The finding of an enhancement of the effect of variant folate metabolism genotypes, and in particular the MTRR A66G genotype, in folate-treated patients is intriguing. These observations are consistent with a previous case-control study in which carriers of variant MTHFR C677T genotypes had a reduced CRC risk only if they were folate replete (13). Collectively, the results of this study are consistent with reduced adenoma recurrence in subjects with reduced conversion of homocysteine to methionine, due to either reduced MTR enzyme activity or reduced activity upstream at the MTHFR enzyme, but only in subjects who are folate replete. It is possible that a folate-replete status overcomes the relative inefficiency of the methionine synthesis pathway in these subjects while the benefits of increased 5,10-methylene-THF for DNA synthesis remain. The results of folate stratification must be interpreted with caution, however, because the interactions between treatment group and genotype were not significant. Stratifying patients into folate-treated and non-folate-treated groups in our study inevitably led to a reduction in power, and larger studies are required to adequately investigate interactions between genotype and folate intervention.

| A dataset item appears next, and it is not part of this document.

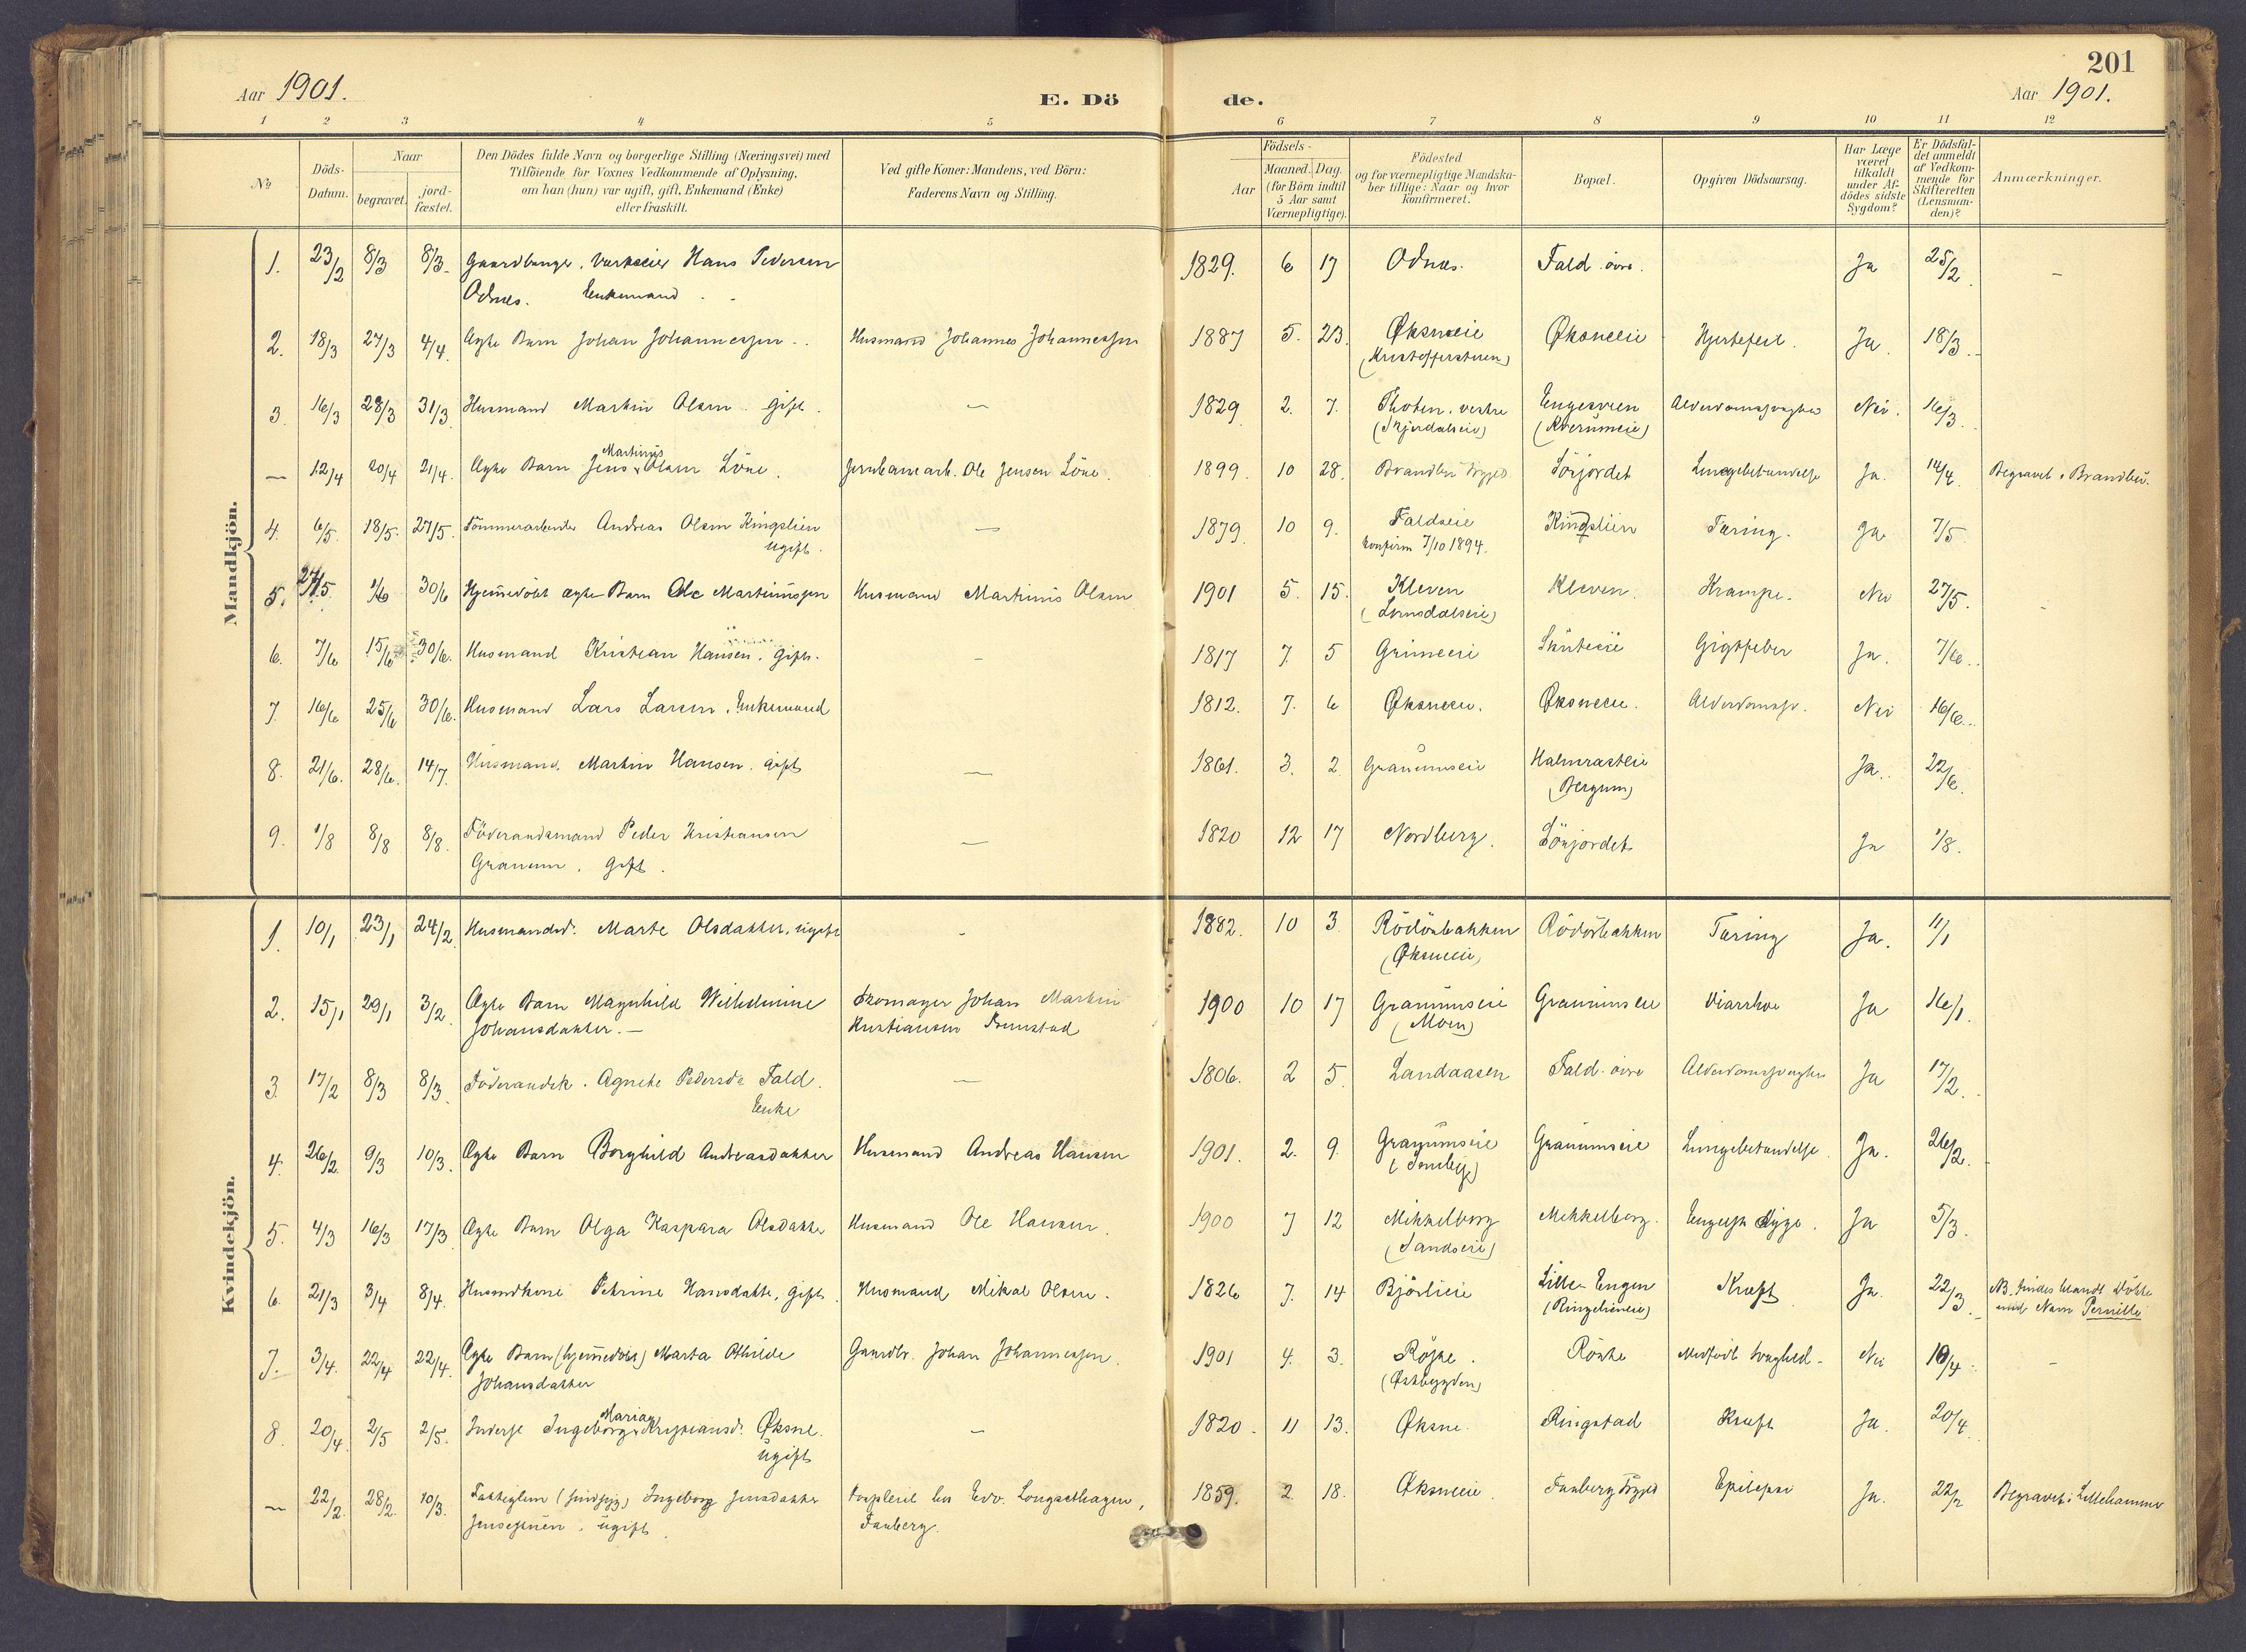 SAH, Søndre Land prestekontor, K/L0006: Ministerialbok nr. 6, 1895-1904, s. 201
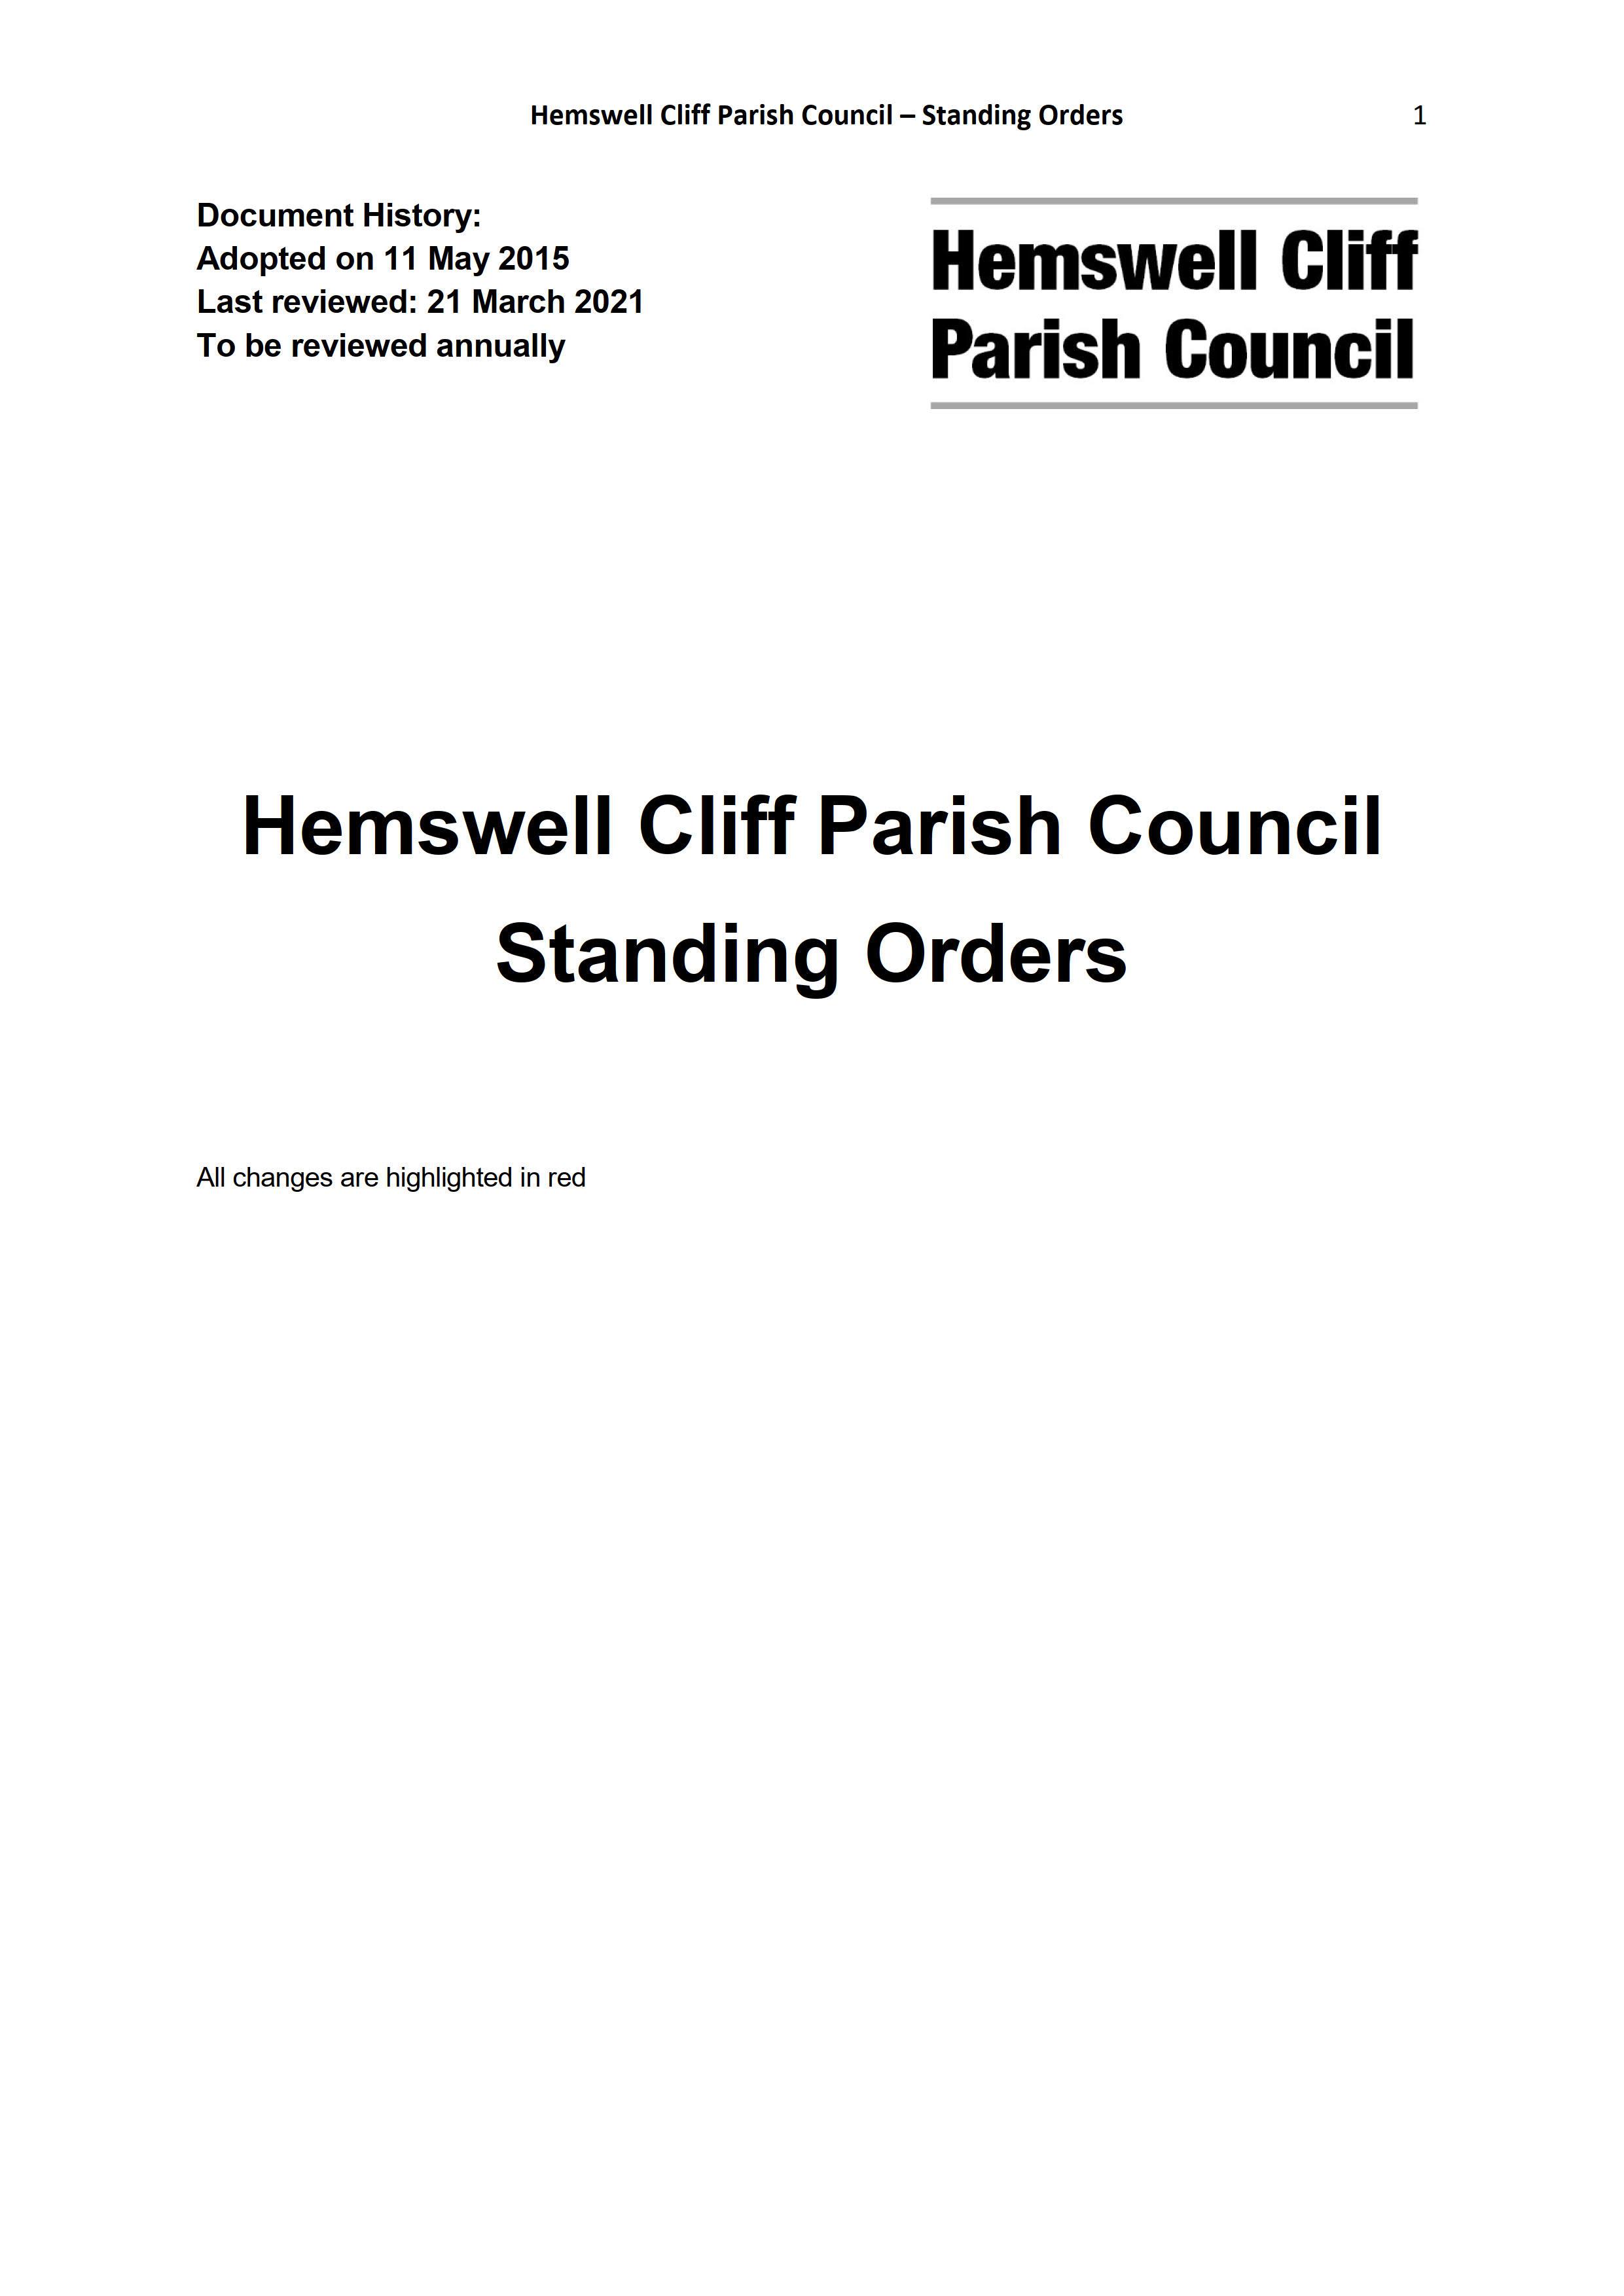 Item_14_2021HCPC.Standing_Orders_01.jpg

Our finding of significant effects of variant genotypes on recurrence risk when only advanced lesions were considered is important. It is likely that even with meticulous colonoscopy technique, a proportion of small adenomas may be missed, both at initial and follow-up colonoscopy (40). This may result in incorrect estimation of recurrence rates. Consideration of only lesions ≥1 cm in size should reduce the number of missed lesions and would therefore be expected to increase the size of any genuine associations. Such an effect was observed in our study, in particular for the risk reduction associated with the MTRR A66G variant.

Of the variants included in this study, the MTHFR C677T and TS polymorphisms have the most convincing evidence from case-control studies for an influence in determining risk of CRA and CRC. Although an influence of MTHFR C677T genotype on CRA recurrence risk is suggested in our study, these nonsignificant findings may indicate a genuine lack of effect in this setting rather than simply insufficient power, and TS polymorphisms did not influence recurrence risk. Patients who have been found at colonoscopy to have CRA are at an increased risk of both further CRA and CRC compared with the general population (41, 42). It is conceivable that at the time of colonoscopic removal of incident CRA, further unidentified neoplastic foci may already exist. By investigating CRA recurrence rather than incidence, a more advanced stage of the adenoma-carcinoma sequence may be under scrutiny. Thus, variant genotypes that have a protective effect in the early development of CRA may not influence the progression of already existing neoplastic foci that could underlie a significant proportion of the recurrences seen in this setting. Variant genotypes may also exert their influences over longer periods of time than the median 41-month colonoscopy interval in this study. Longer follow-up may increase the proportion of recurrences observed that represent new neoplastic foci, rather than foci that were already present at the time of detection of the incident adenoma.

This is the first study to investigate the effects of folate metabolism polymorphisms on CRA recurrence, and as such, any findings need to be confirmed in further studies. However, the influences of these variants on CRA recurrence risk observed in our study lend further weight to the accumulating evidence for their role in the development of colorectal neoplasia.